How well did it work?

generated images

It's a big success! The generated images look natural, and match the originals closely.

Of course, this comes at a price. We're now dependent on the color hints to generate images. It's important to take a step back, and realize that our dataset is not actual linearts and sketches, but a simulated set created by processing the original image.

I decided to attempt and use my own (intentionally messy) coloring as a color hint, rather than the original image, and see what happened.

left: lineart + my coloring. right: generated image.

The results were unimpressive.

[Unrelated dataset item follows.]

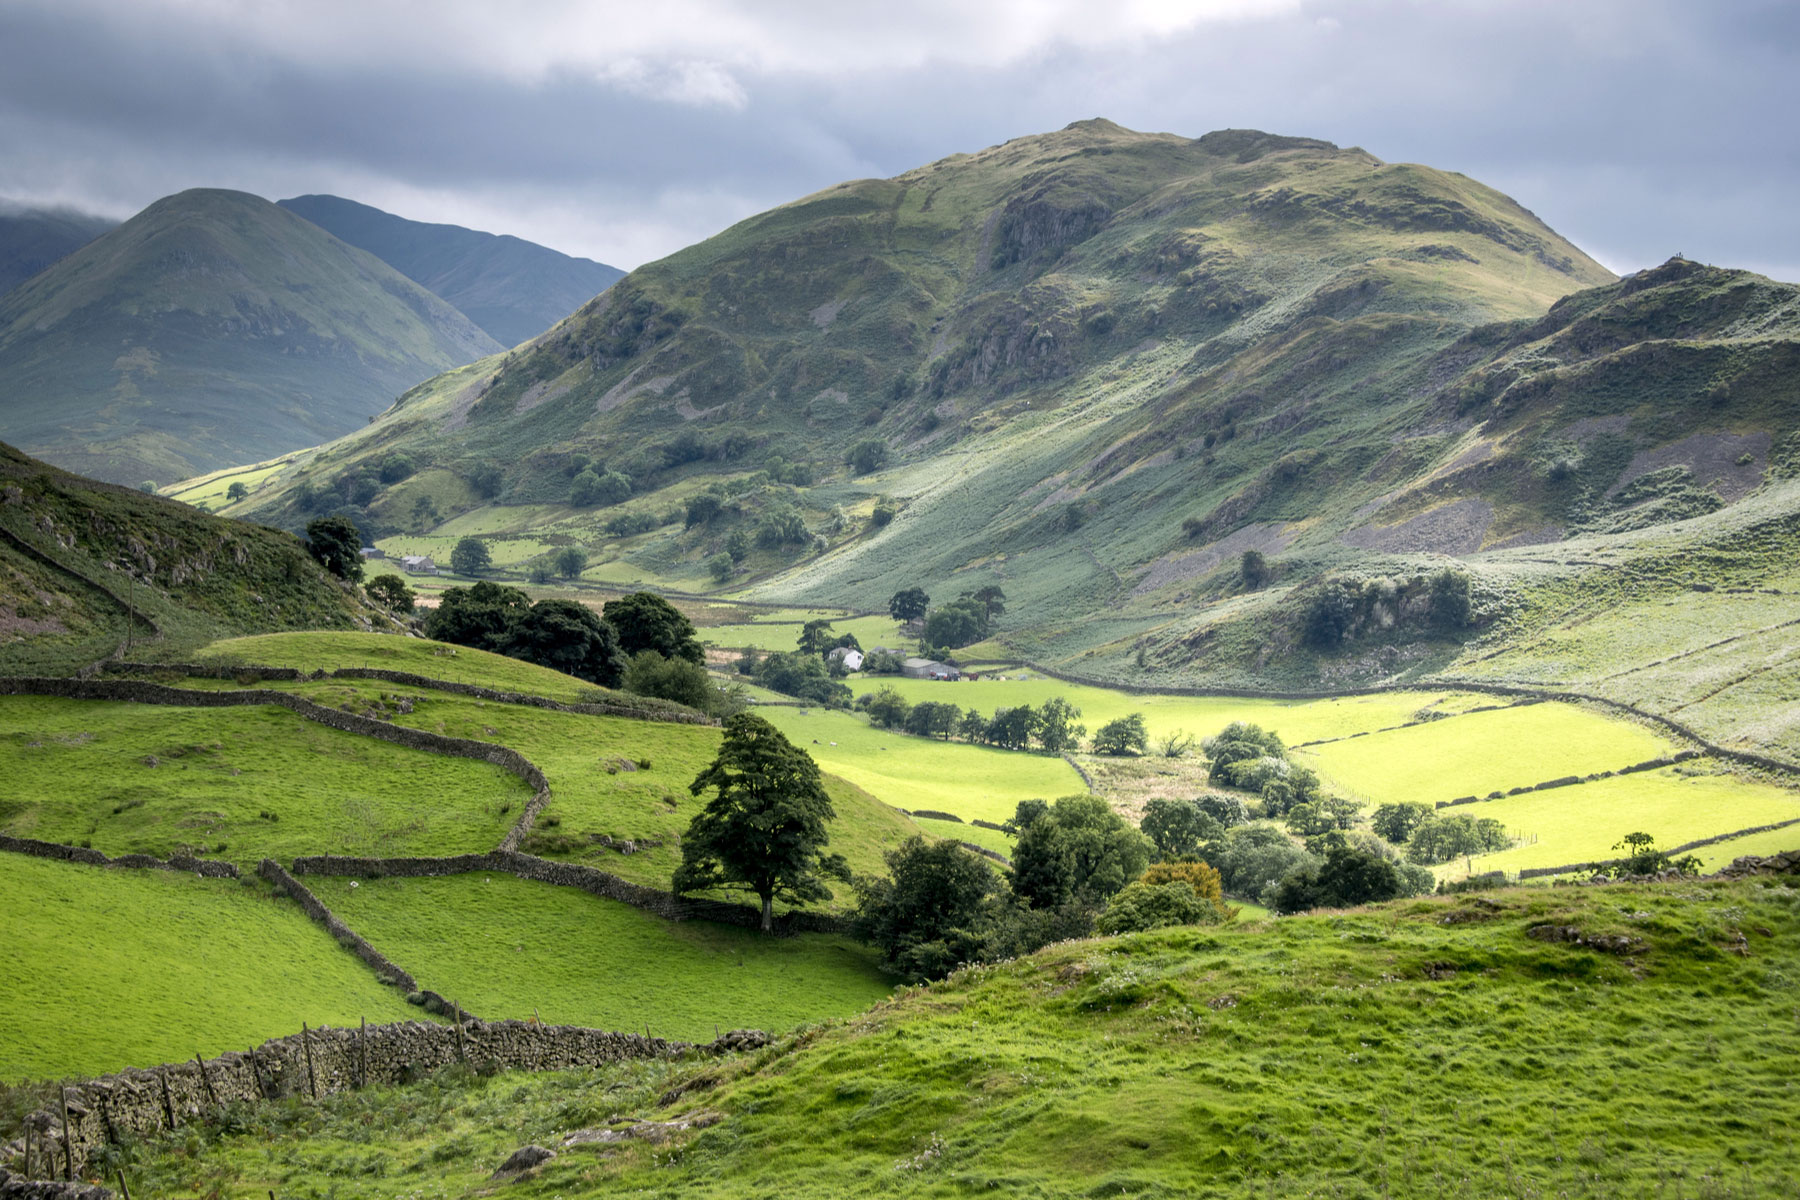 Landscapes in England's Lake District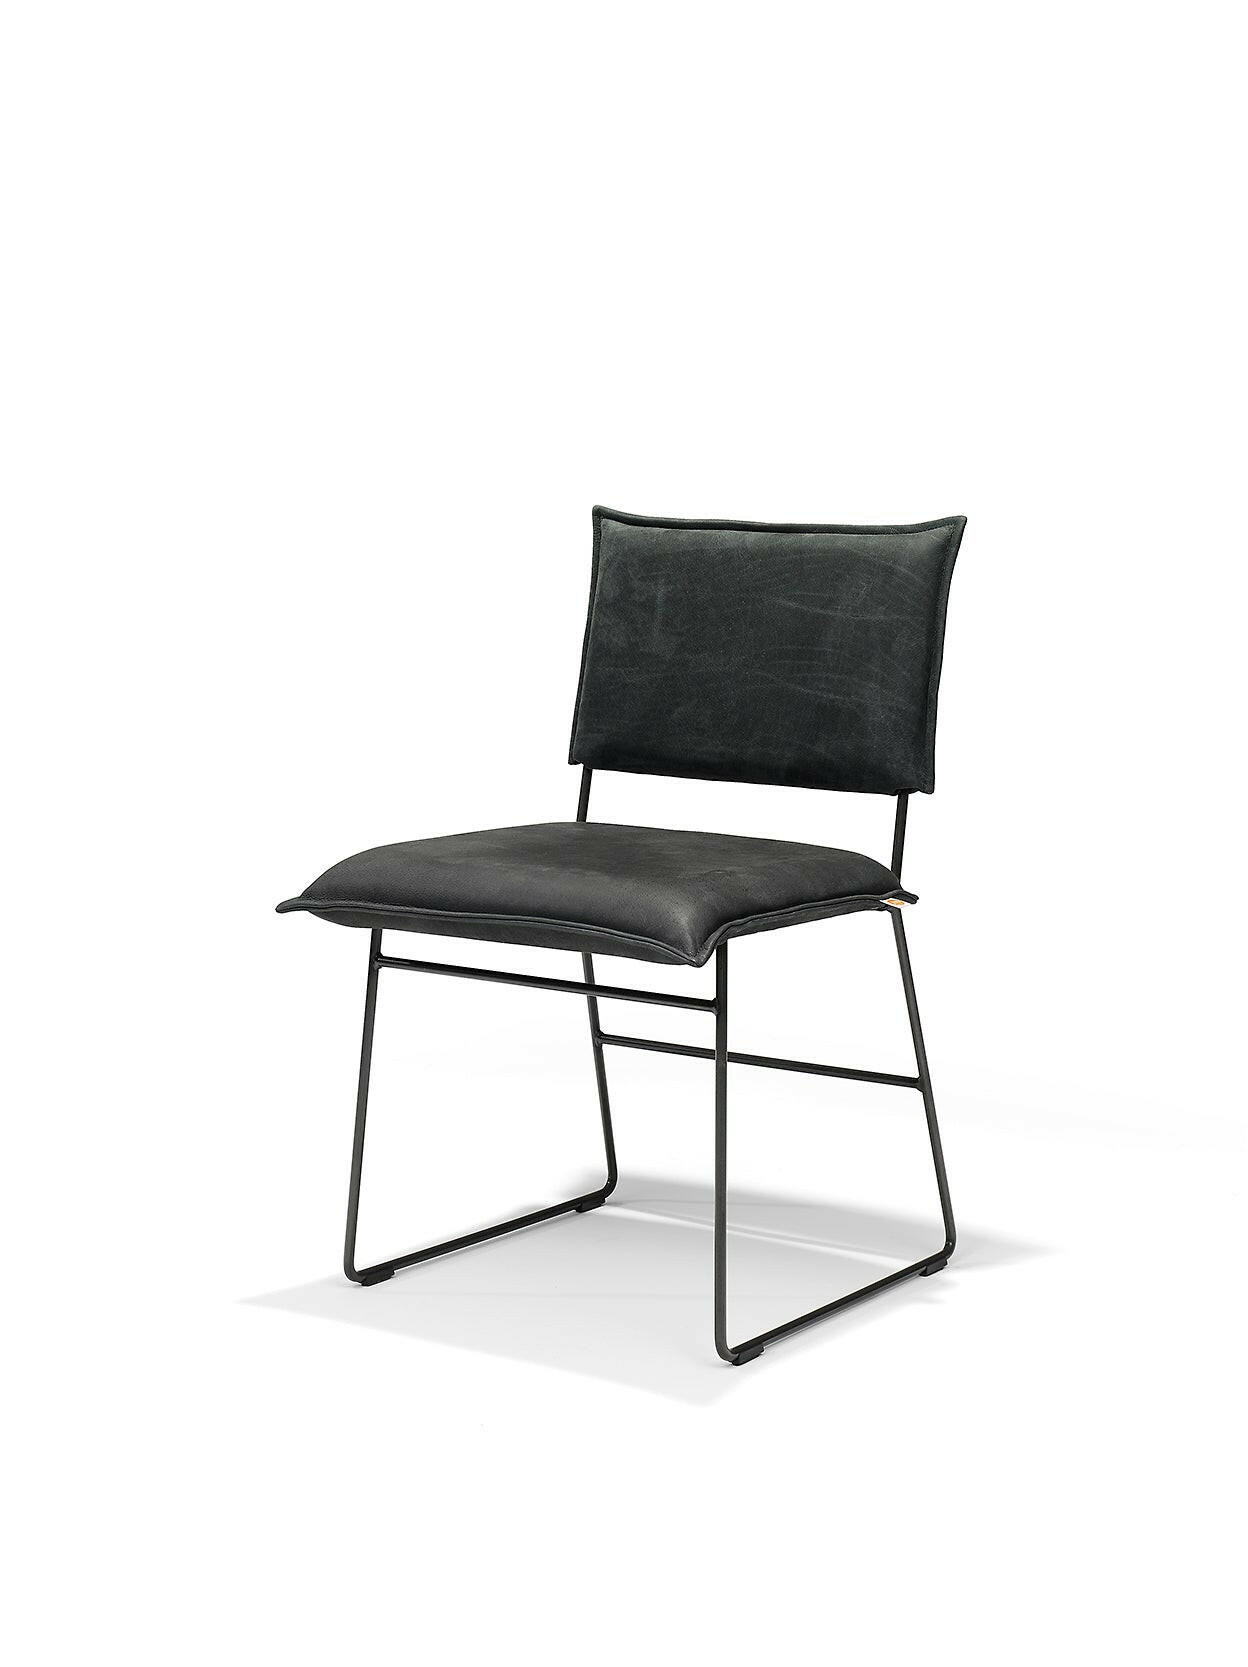 Norman 12mm Old Glory Frame - Chair

At the areas where I missed colors, the network failed to color in the hair. Sure we've got incredibly accurate recreations, but using a bad color hint will still lead to a bad generation. If we need the original image in order to generate the original image, we really haven't solved anything.

To really drive the point home, here's what happens if we pass in no color at all.

The network's not doing anything with the lineart. Almost all the details in the recreations came from the color hints.

It's at this point that we have to make a compromise. Clearly, the color hint is vital to generating good images, and performs well on simulated color hints. However, we can't realistically expect users to completely color in their lineart themselves and call that a "hint".

To remedy this, we need to reduce the network's dependence on the color hint. Most of the information in the final image should come from the line art, with the color hint as a secondary.

How should we go about doing this? Let's restrict the amount of information the color hint can contain. The blur was supposed to act as an information barrier, but apparently it isn't doing a good enough job.

Instead, we'll use a somewhat crude but straightforward method to make the color hints less useful. Take the original image, and randomly white out a 10x10 area of the image. Do this 30 times, then we will apply the same blur as before.

[original, only blur, whiteout + blur]

Noticable in the image above, the new form of color hint is missing lots of information. Now, the network is forced to guess what colors should go there, based only on the little color hints it's receiving.

I trained the model once again, using the new color hints.

This, time we've performed much better! Even though I missed many spots in the coloring, the network still realizes what I meant to do, and fills colors in accordingly. This makes sense: since we trained the network with holes in the color hints, it had to learn to account for them.

Note: When training, we randomly removed parts of the color hint, to force the network to learn better. When we're actually using the network, we want as much detail as possible, so we don't remove anything, Instead, we scale down every color intensity by 0.3 (expected value).

Now, let's take a look at what happens if we pass in no color at all.

This time, we can see the network has done something with the line art. Since the color hints are unreliable, the network had to learn to guess shading based only on the line art.

And with that, the model is complete! The online demo uses this exact setup.

Interesting finds

  1. Network learns shadows and highlights well!
  2. Coloring can go out of bounds, or not fill in completely, and it will fill in nicely.
  3. Small color details, such as eye color, are not preserved.
  4. The color hint processing can be related to applying dropout on the input image.
  5. The network always expects a color hint, so when passing in no colors, it thinks we want all aspects of the image (hair, skin, clothes) to be white. Lines and shadows that show up regardless of color still appear.
  6. The method of generating line-art (openCV edge detection) left many artifacts. The network did learn to filter these out, but in doing so, sometimes ignores small lines such as noses and mouths.

All code for this project is available on my Github. The training images were all taken from Safebooru.

This project was inspired by PaintsChainer. I've been working on this idea slowly for a few months, but seeing someone get close to what I was envisioning motivated me to finish it up!